INFORMATION SUPPLIED below:
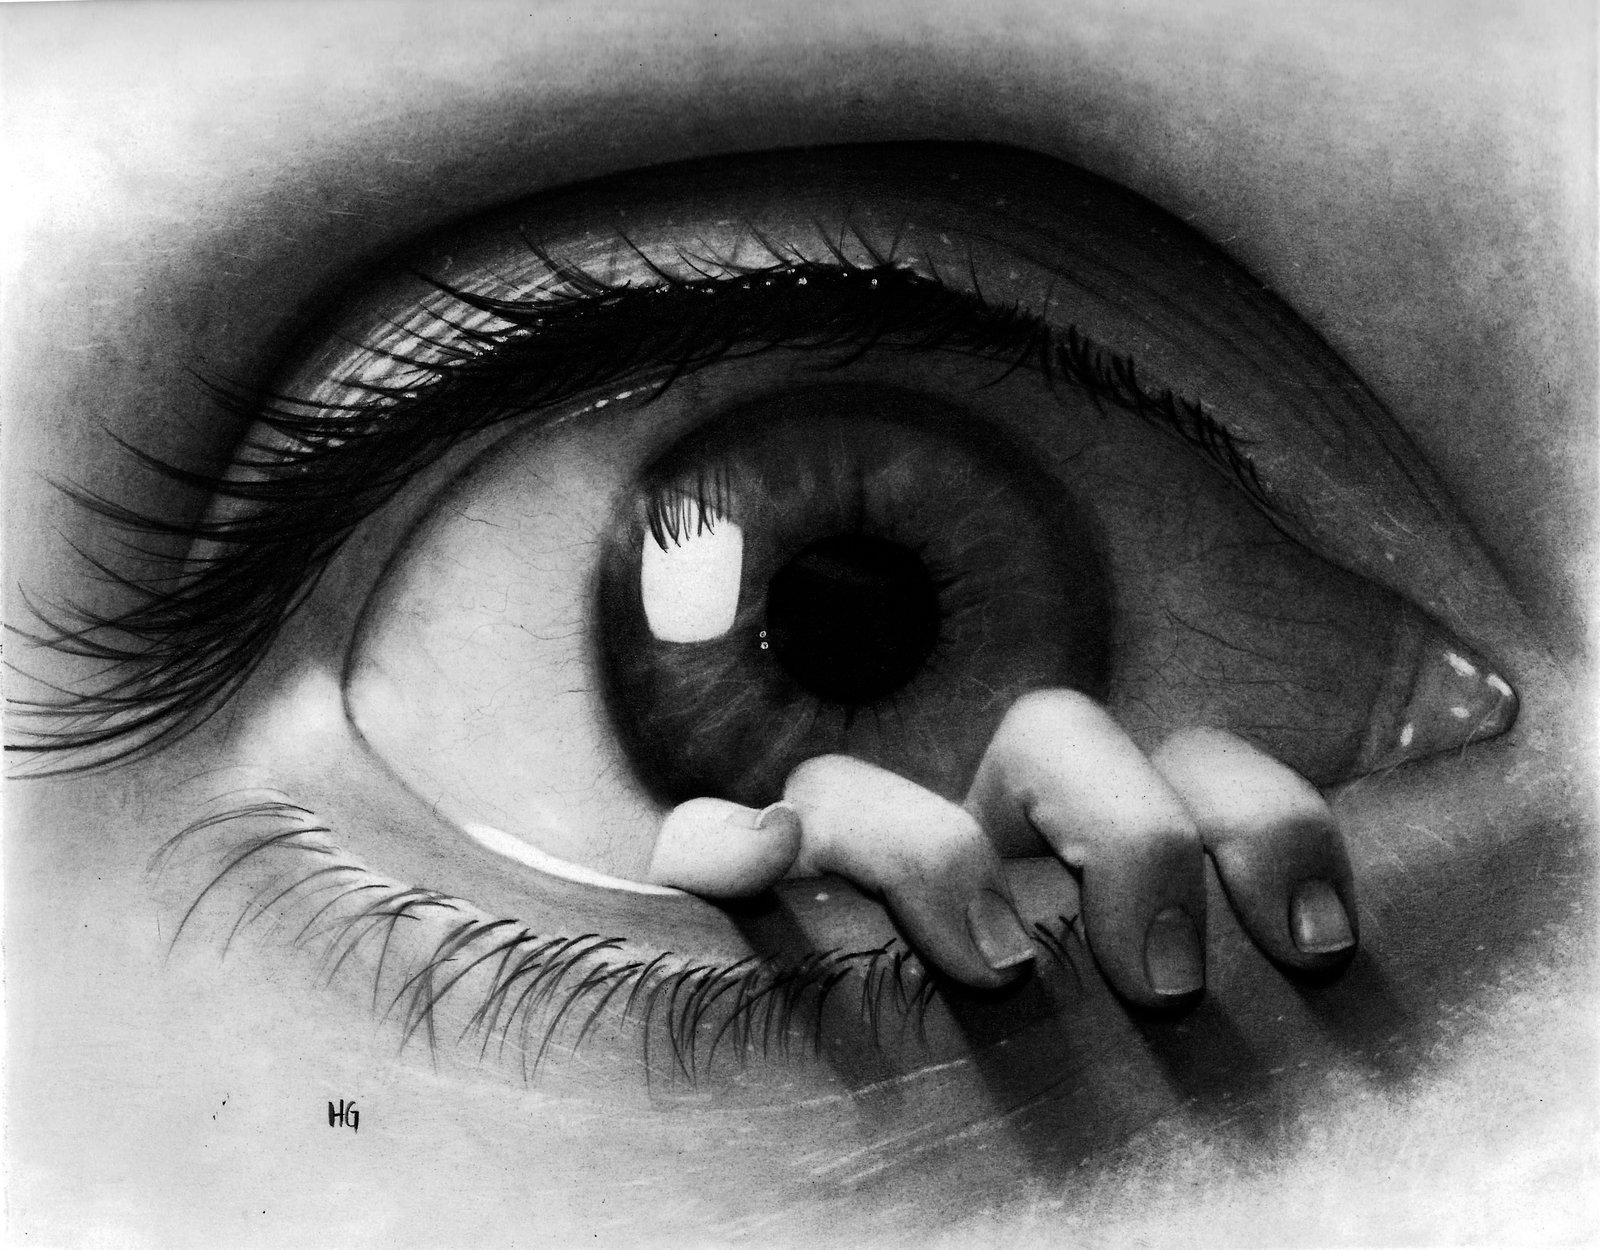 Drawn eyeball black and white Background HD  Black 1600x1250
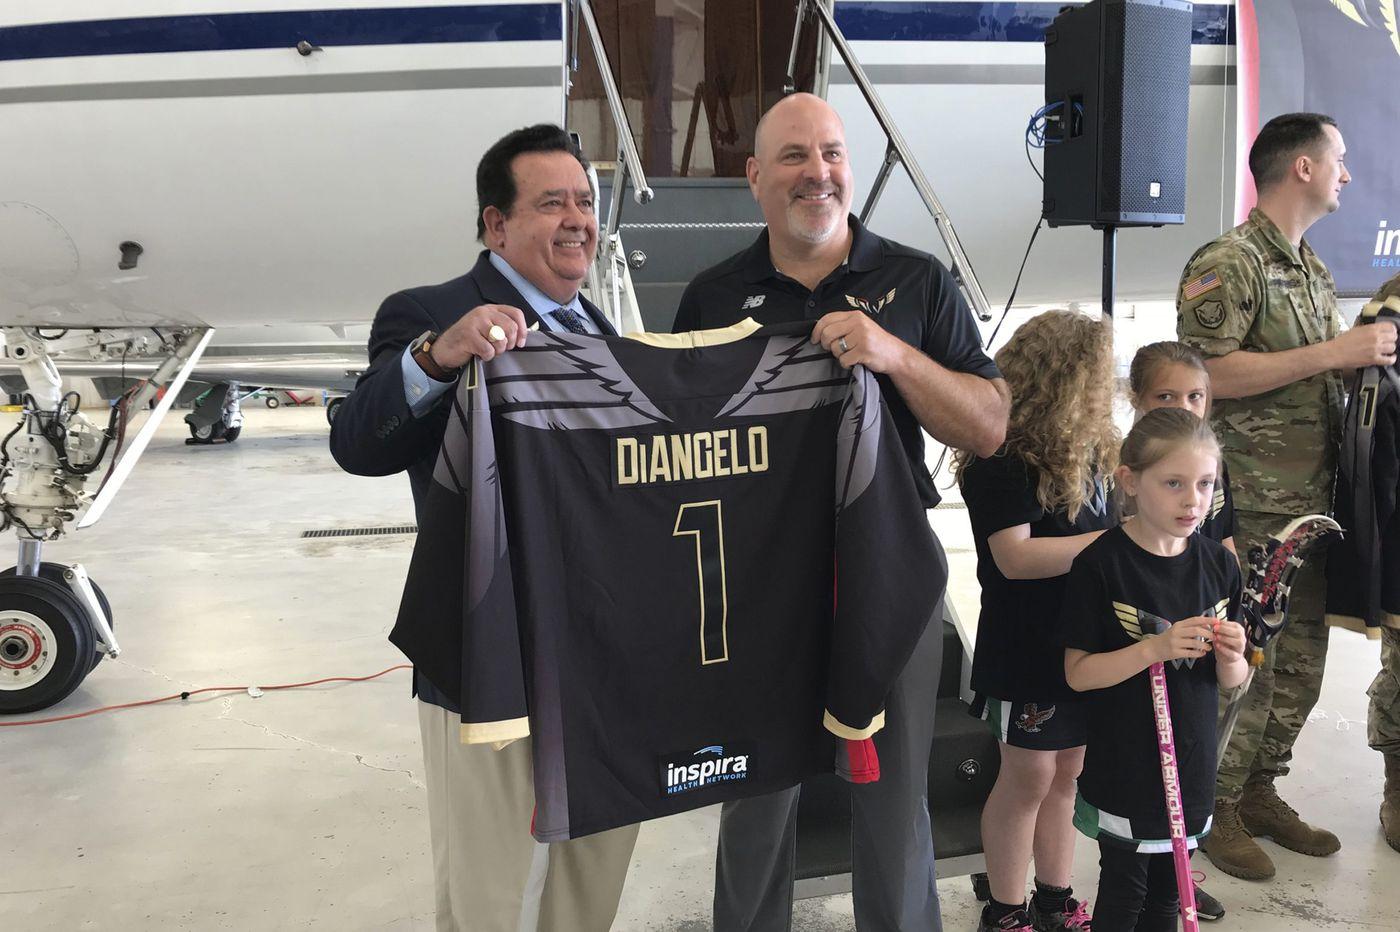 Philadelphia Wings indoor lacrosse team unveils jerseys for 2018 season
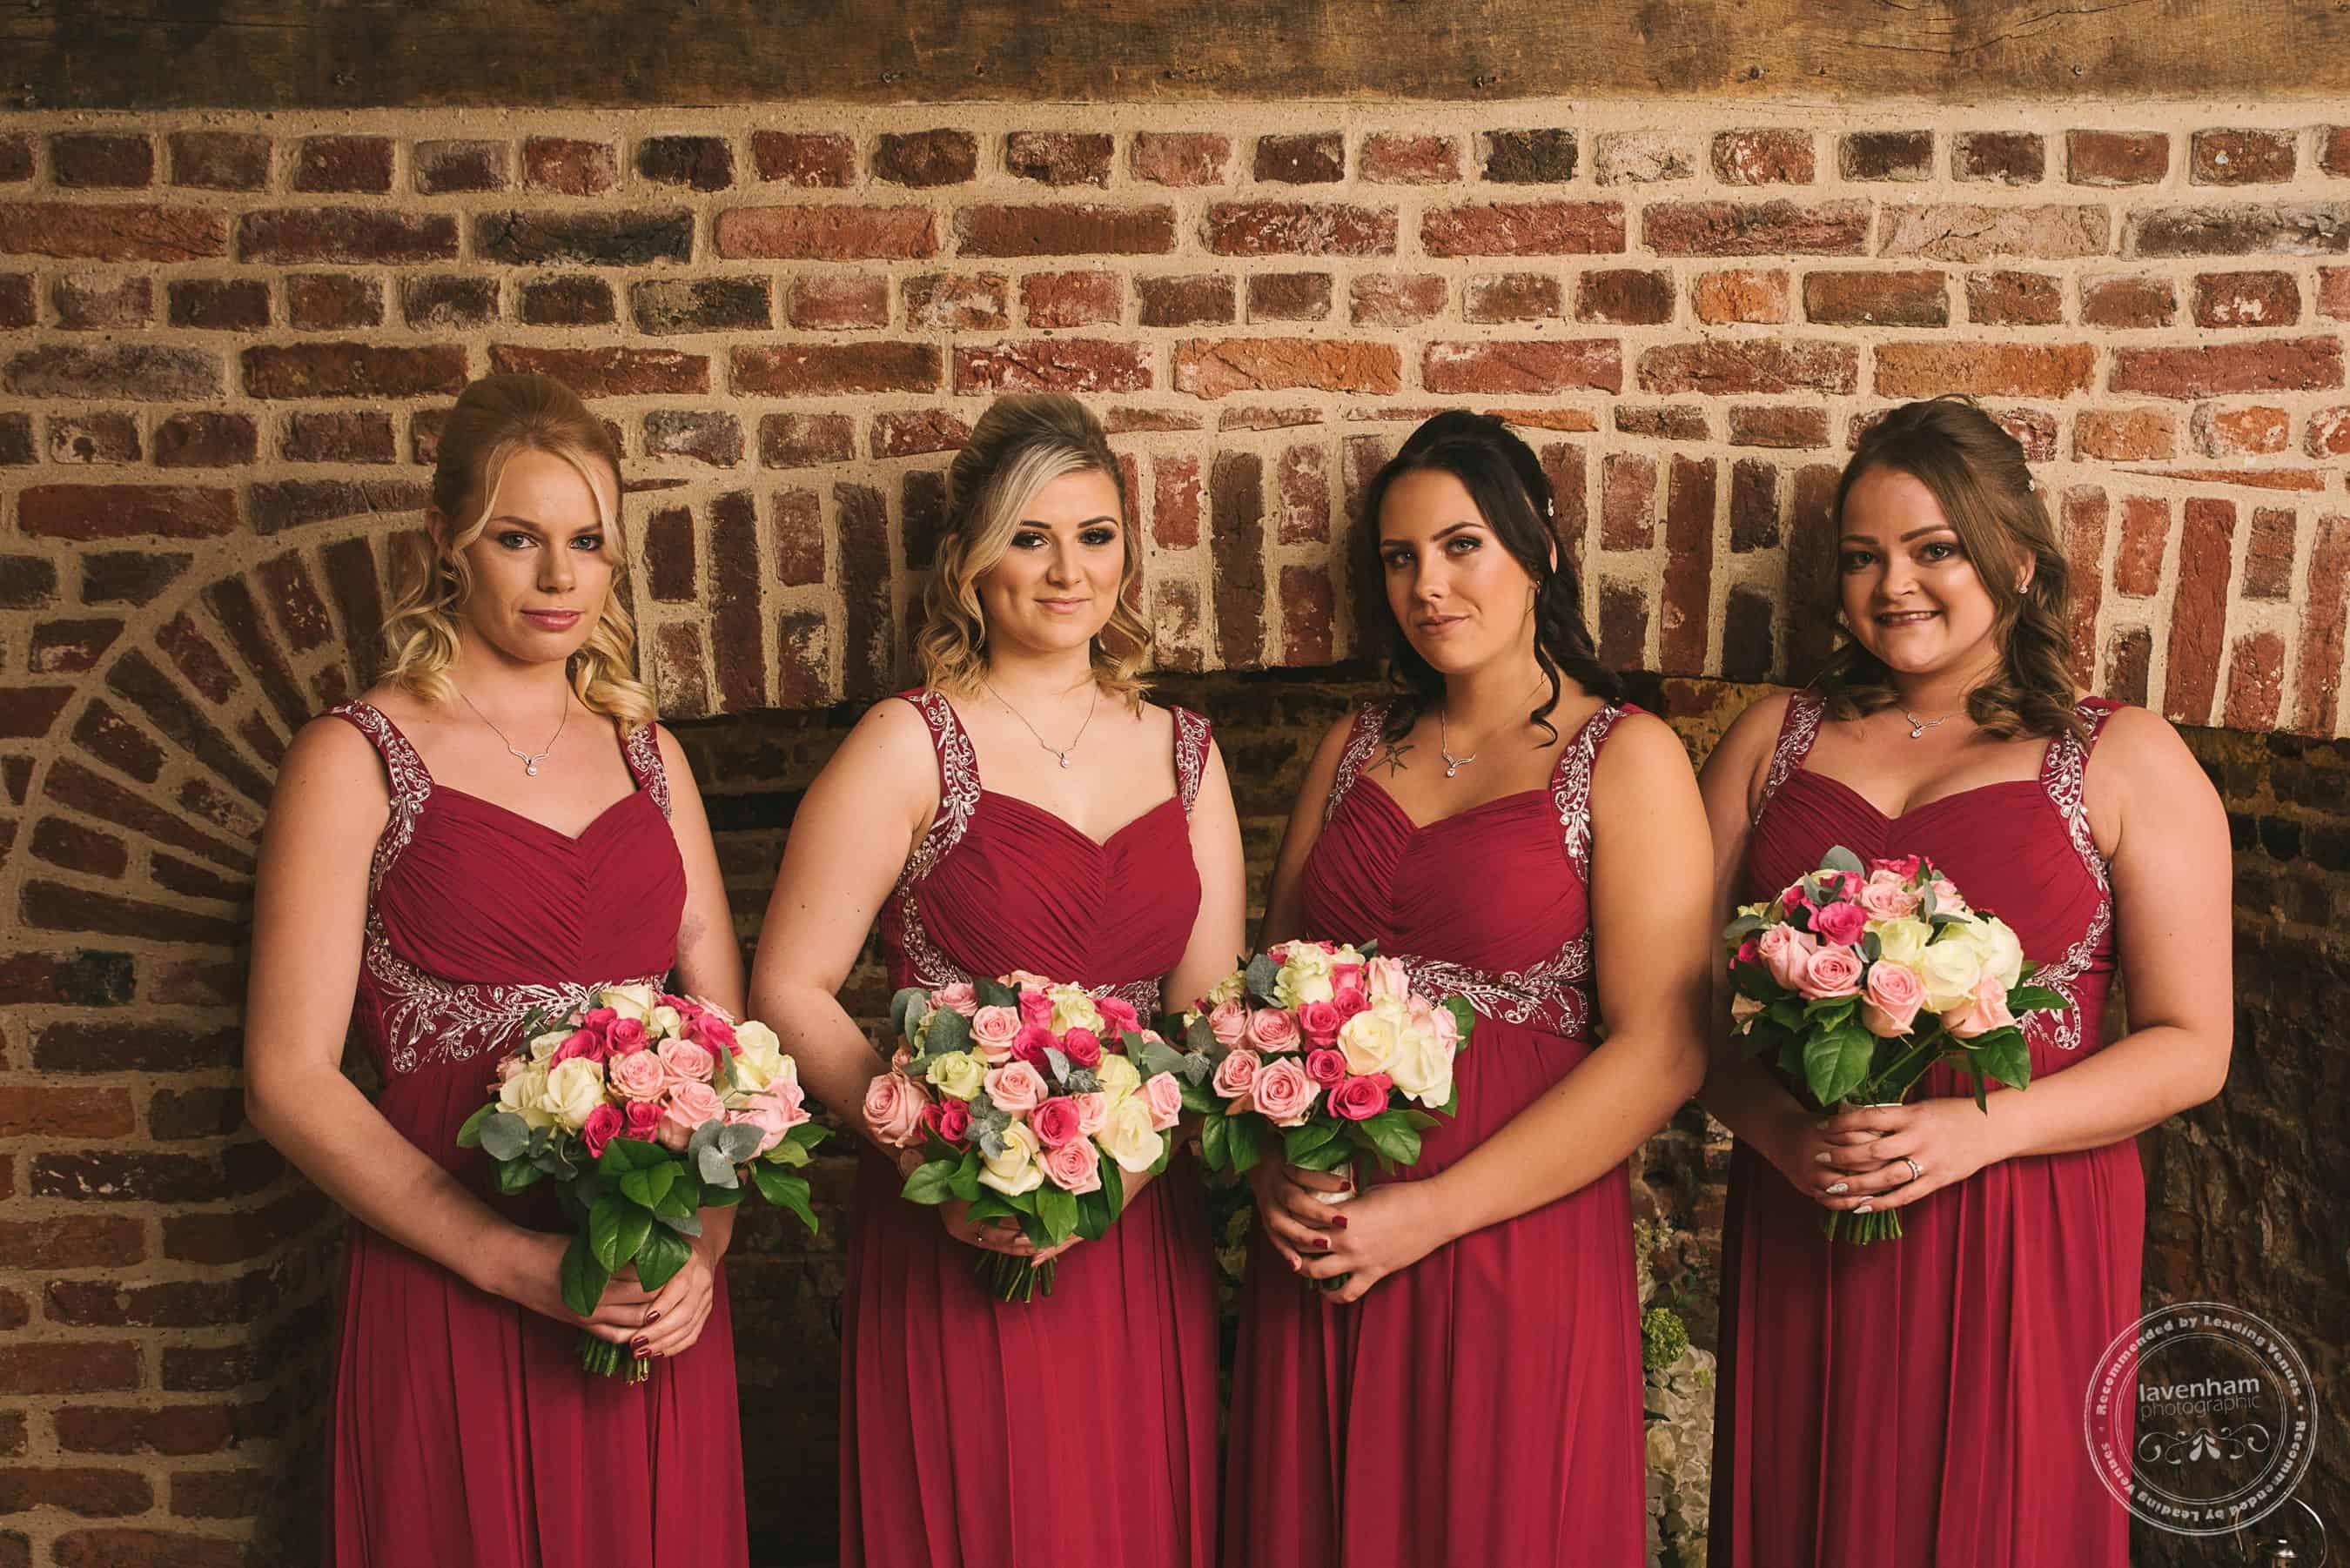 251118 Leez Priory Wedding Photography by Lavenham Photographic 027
End of INFORMATION SUPPLIED.
TASK BRIEF:
Output the whole listing exactly. Pictures stay out.

ANSWER SPACE:
 Drawn eyeball black and white Background HD  Black 1600x1250
 Philadelphia Wings indoor lacrosse team unveils jerseys for 2018 season
 251118 Leez Priory Wedding Photography by Lavenham Photographic 027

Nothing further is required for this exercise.